2024年2月に発表されたCSF バージョン2(以下、CSF 2.0)では、バージョン1.1(以下、CSF 1.1)から重要な改定が行われました。これまで「国家や経済の重要なインフラに対するサイバーセキュリティ」を目的としていたものから、「全ての規模・全てのセクターの組織で利用される目的」にその対象を拡大しました。
今回、PwCコンサルティング合同会社はNISTから翻訳の許可を取得し、日本語訳を公開することになりました。以下よりダウンロードいただけます。
グローバルにビジネスを展開する組織は、最新のベストプラクティス集であるCSF 2.0でセキュリティアセスメントを実施すべきです。CSF 2.0では、セキュリティガバナンスやサプライチェーン強化に関する最新のスタンダードが網羅されており、組織のサイバーレジリエンスを高め、重大インシデントのリスクを低減することに繋がるためです。また、同業他社とのベンチマークがしやすくなるといったメリットもあります。
本稿では、CSF 1.1を使用している企業がCSF 2.0への移行を円滑に進めるための留意点を解説します。
CSF 2.0は、Govern(統治)【新設】、Identify(識別)、Protect(保護)、Detect(検出)、Respond(対応)、Recover(回復)の6つのコア機能によって構成されています。Govern(統治)は、CSF 2.0から新設されました。

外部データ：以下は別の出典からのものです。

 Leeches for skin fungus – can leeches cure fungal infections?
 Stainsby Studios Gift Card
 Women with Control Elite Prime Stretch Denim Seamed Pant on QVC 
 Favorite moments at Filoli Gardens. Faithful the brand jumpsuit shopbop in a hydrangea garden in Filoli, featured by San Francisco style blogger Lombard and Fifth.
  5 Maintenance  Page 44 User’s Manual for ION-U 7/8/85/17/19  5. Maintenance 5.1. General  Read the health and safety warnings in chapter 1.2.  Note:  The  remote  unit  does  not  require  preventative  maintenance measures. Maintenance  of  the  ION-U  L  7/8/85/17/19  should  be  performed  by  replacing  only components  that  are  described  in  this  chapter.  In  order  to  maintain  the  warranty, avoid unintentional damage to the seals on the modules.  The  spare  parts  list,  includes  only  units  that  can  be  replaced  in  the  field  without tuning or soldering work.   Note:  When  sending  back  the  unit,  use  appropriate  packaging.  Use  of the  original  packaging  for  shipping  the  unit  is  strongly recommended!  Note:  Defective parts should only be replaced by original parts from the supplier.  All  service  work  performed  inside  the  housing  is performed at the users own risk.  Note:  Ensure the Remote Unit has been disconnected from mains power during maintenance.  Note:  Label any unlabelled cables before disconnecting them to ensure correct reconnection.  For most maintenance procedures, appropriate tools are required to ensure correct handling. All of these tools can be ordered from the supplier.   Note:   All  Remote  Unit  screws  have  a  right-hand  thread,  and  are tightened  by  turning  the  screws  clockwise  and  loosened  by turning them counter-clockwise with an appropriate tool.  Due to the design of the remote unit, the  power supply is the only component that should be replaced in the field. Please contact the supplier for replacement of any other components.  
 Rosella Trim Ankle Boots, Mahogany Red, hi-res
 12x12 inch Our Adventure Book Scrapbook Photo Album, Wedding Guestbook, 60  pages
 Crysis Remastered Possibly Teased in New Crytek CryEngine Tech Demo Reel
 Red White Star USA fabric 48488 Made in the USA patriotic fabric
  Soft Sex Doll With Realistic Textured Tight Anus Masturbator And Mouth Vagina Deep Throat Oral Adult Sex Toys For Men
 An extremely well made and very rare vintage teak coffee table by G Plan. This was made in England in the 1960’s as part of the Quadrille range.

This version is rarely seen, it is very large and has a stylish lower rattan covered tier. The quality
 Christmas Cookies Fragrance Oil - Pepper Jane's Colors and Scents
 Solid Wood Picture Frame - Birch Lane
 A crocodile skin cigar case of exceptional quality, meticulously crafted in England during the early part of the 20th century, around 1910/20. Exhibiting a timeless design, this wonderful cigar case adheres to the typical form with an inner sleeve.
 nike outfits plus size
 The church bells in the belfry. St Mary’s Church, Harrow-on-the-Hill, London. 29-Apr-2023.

新たに含まれるコア機能であるGovern(統治)は、組織のサイバーセキュリティリスク管理の取り組みをさらに強化するために導入されました。このGovernに対応するには、経営陣のリーダーシップと全社的体制作りが一層重要になります。効果的にセキュリティ対策を実施するために、トップダウンのコミットメントと部門横断的な推進体制が不可欠です。具体的な施策としては、ポリシー策定、役割分担、モニタリングなどガバナンス強化が求められます。
CSF 2.0では、サプライチェーンリスク管理の重要性が増しており、サイバーサプライチェーンリスクを反映した統合リスク管理を実行するためのポリシー・プロセスやガバナンス構造の有無がGovernコア機能の1カテゴリーとして追加されています。これによりサプライチェーン全体のリスクを適切に把握し、管理する必要性が高まります。今後、パートナー企業、クラウドベンダー、業務委託先など、サードパーティのリスクを適切にコントロールすることが不可欠になり、具体的な施策として、サードパーティのセキュリティ評価・監査、契約条件の見直し、インシデント時の連携、アクセス制限、製品セキュリティの確保など実務上の対策が必要になります。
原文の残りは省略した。